[[ Material for this exercise open ]]

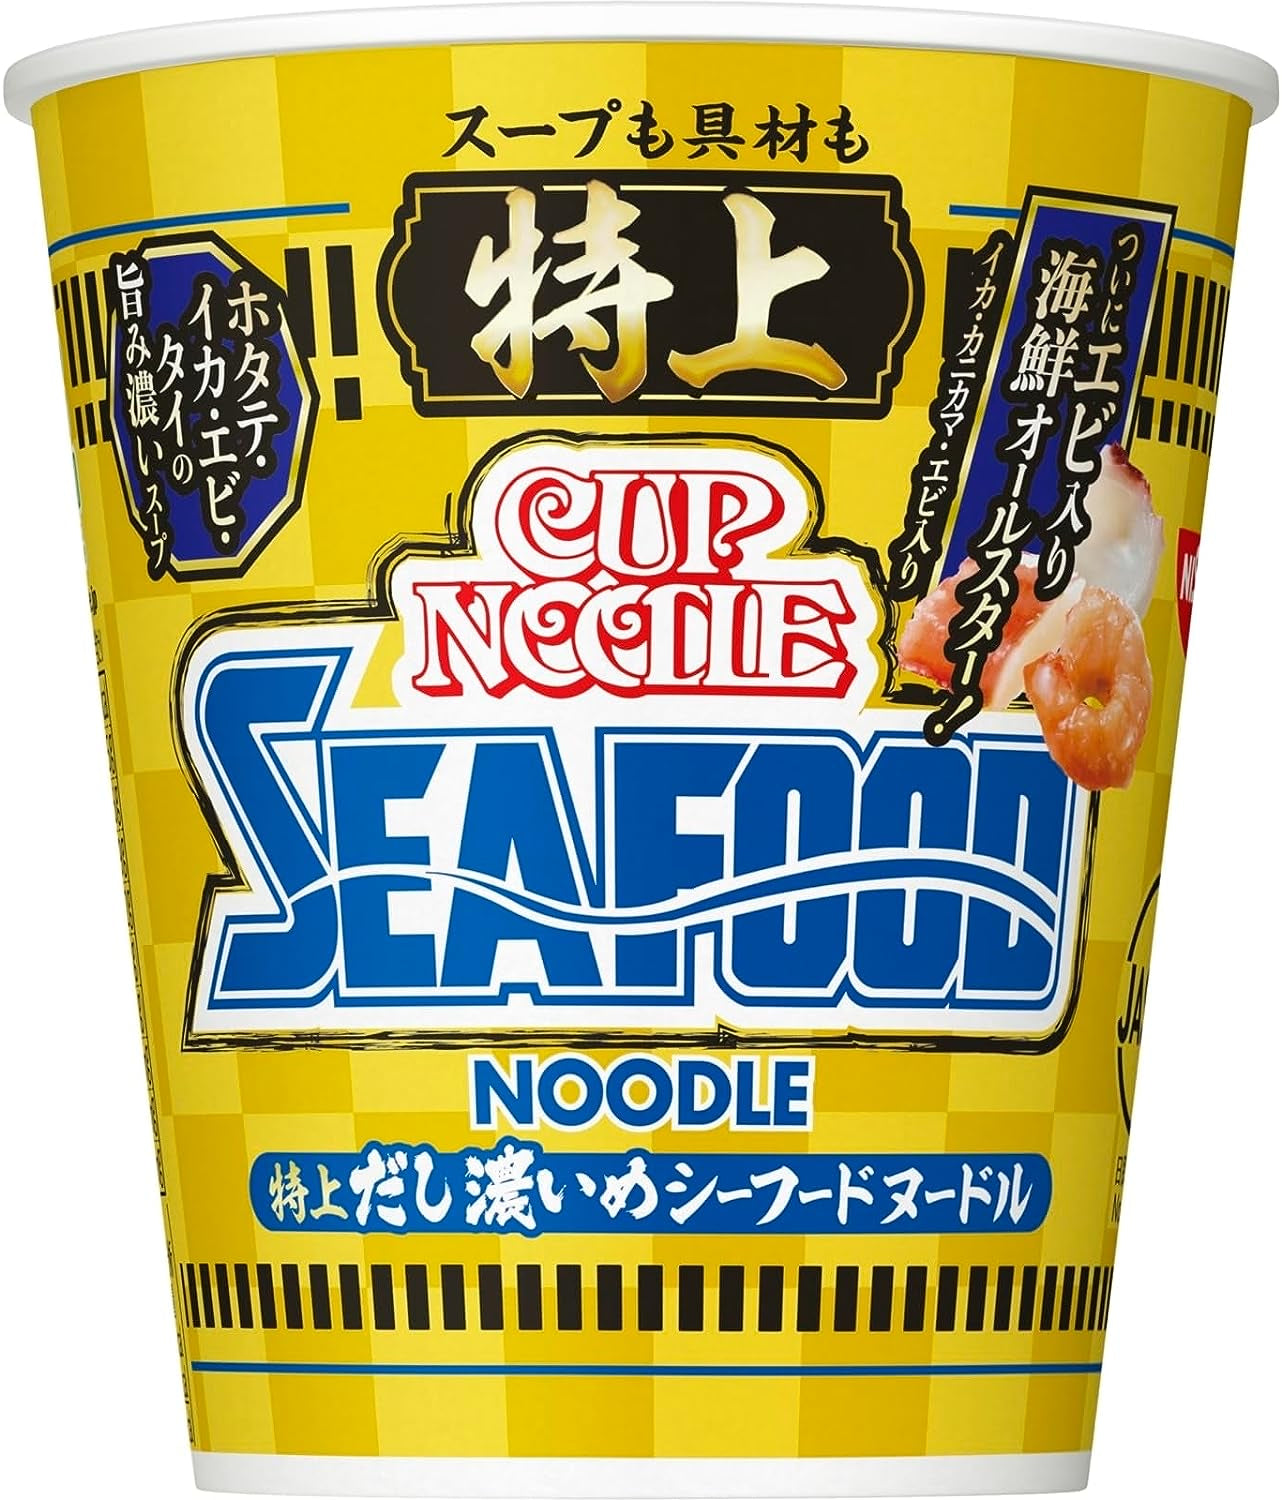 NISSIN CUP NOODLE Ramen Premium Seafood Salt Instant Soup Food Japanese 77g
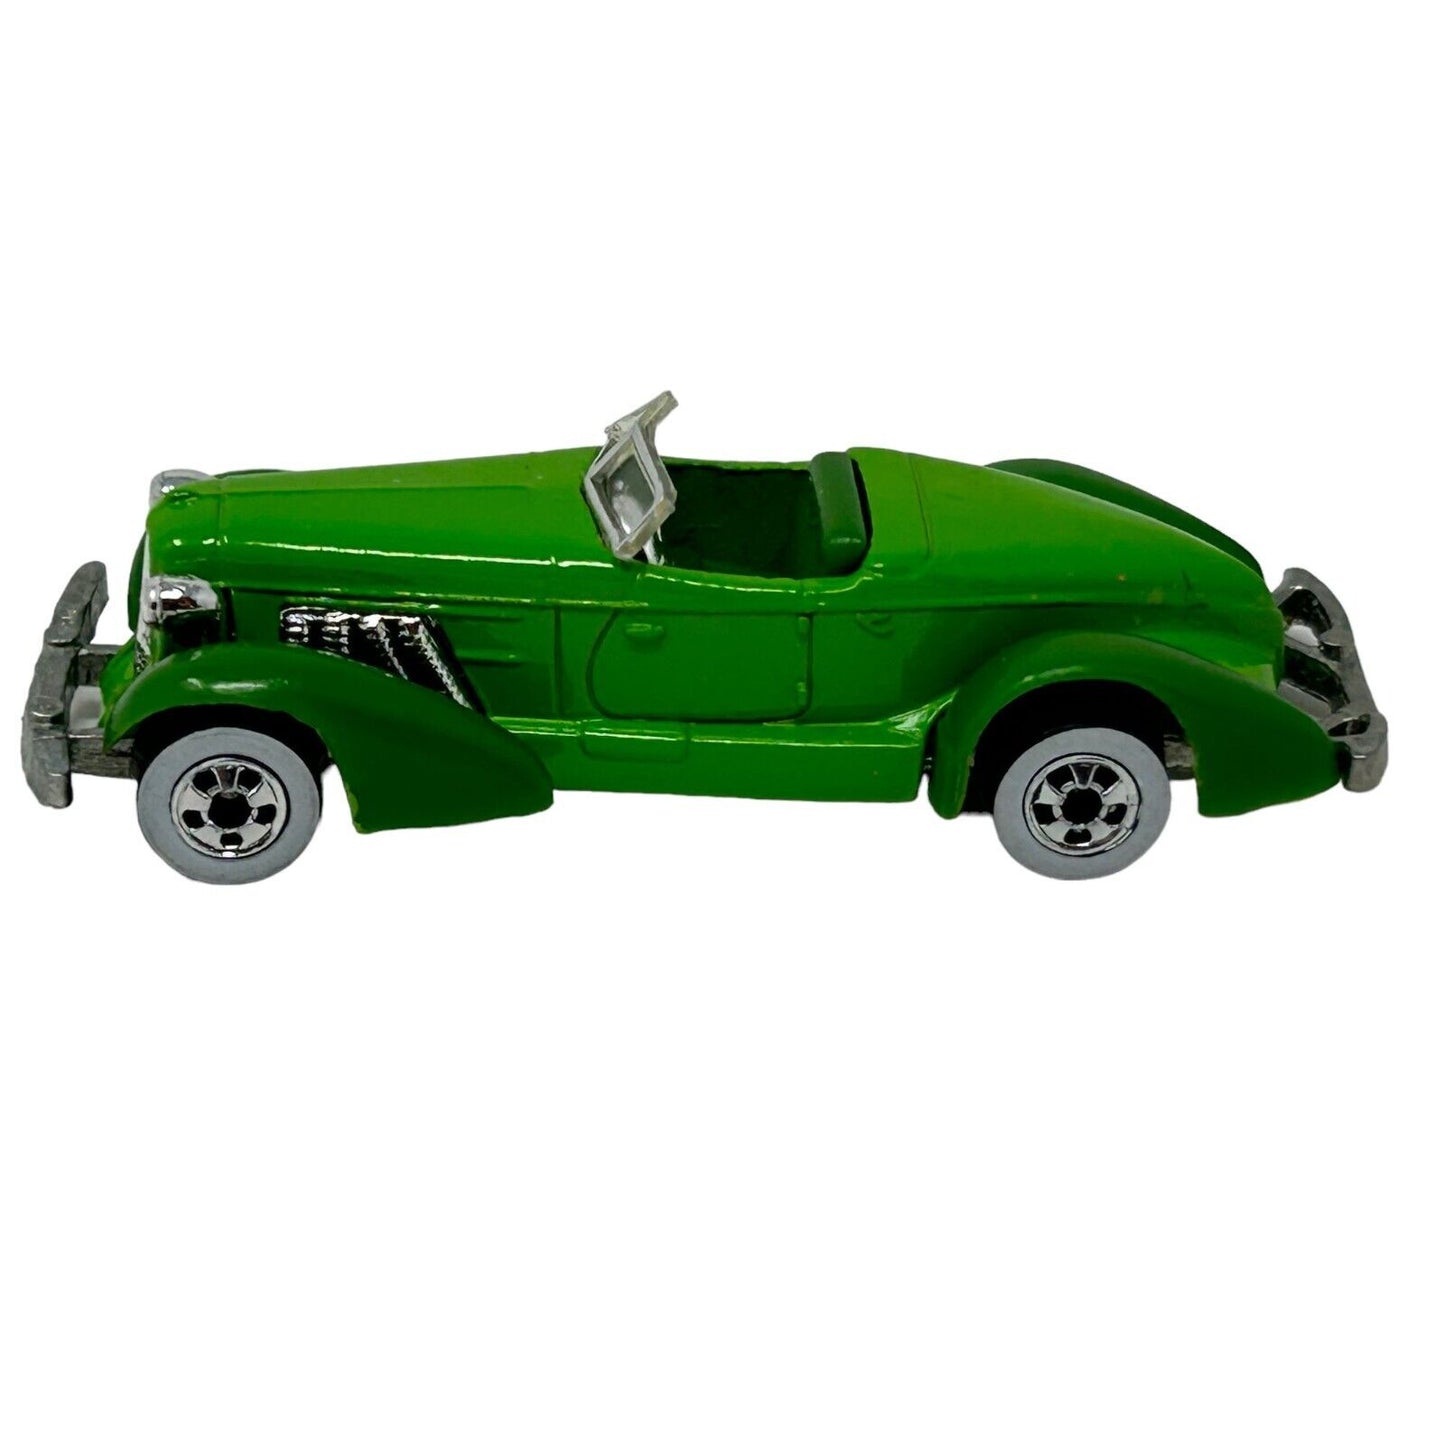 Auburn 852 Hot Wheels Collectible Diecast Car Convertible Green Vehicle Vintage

[[ Material for this exercise closed ]]
[[ Material for this exercise open ]]

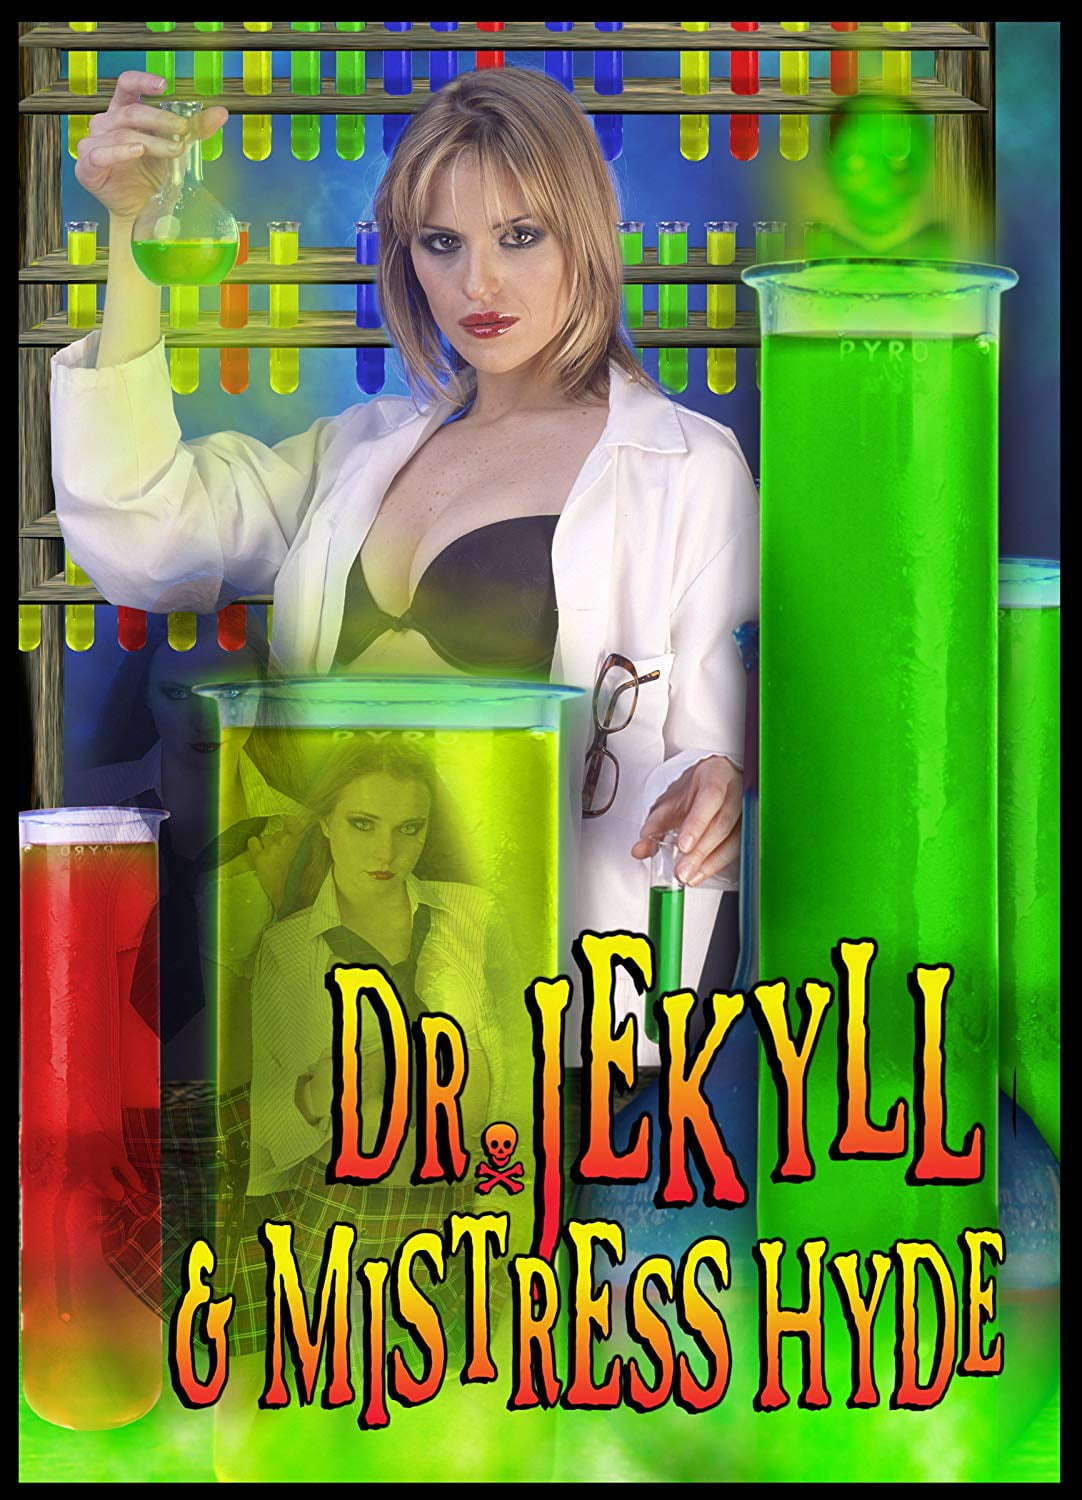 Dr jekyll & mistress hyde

[[ Material for this exercise closed ]]

** What needs to be done **
Find the line with "NISSIN CUP NOODLE" in the entries above. Set down exactly every line from it up to and including the line with "Auburn 852 Hot", images excluded.

** Reply **
 NISSIN CUP NOODLE Ramen Premium Seafood Salt Instant Soup Food Japanese 77g
 Auburn 852 Hot Wheels Collectible Diecast Car Convertible Green Vehicle Vintage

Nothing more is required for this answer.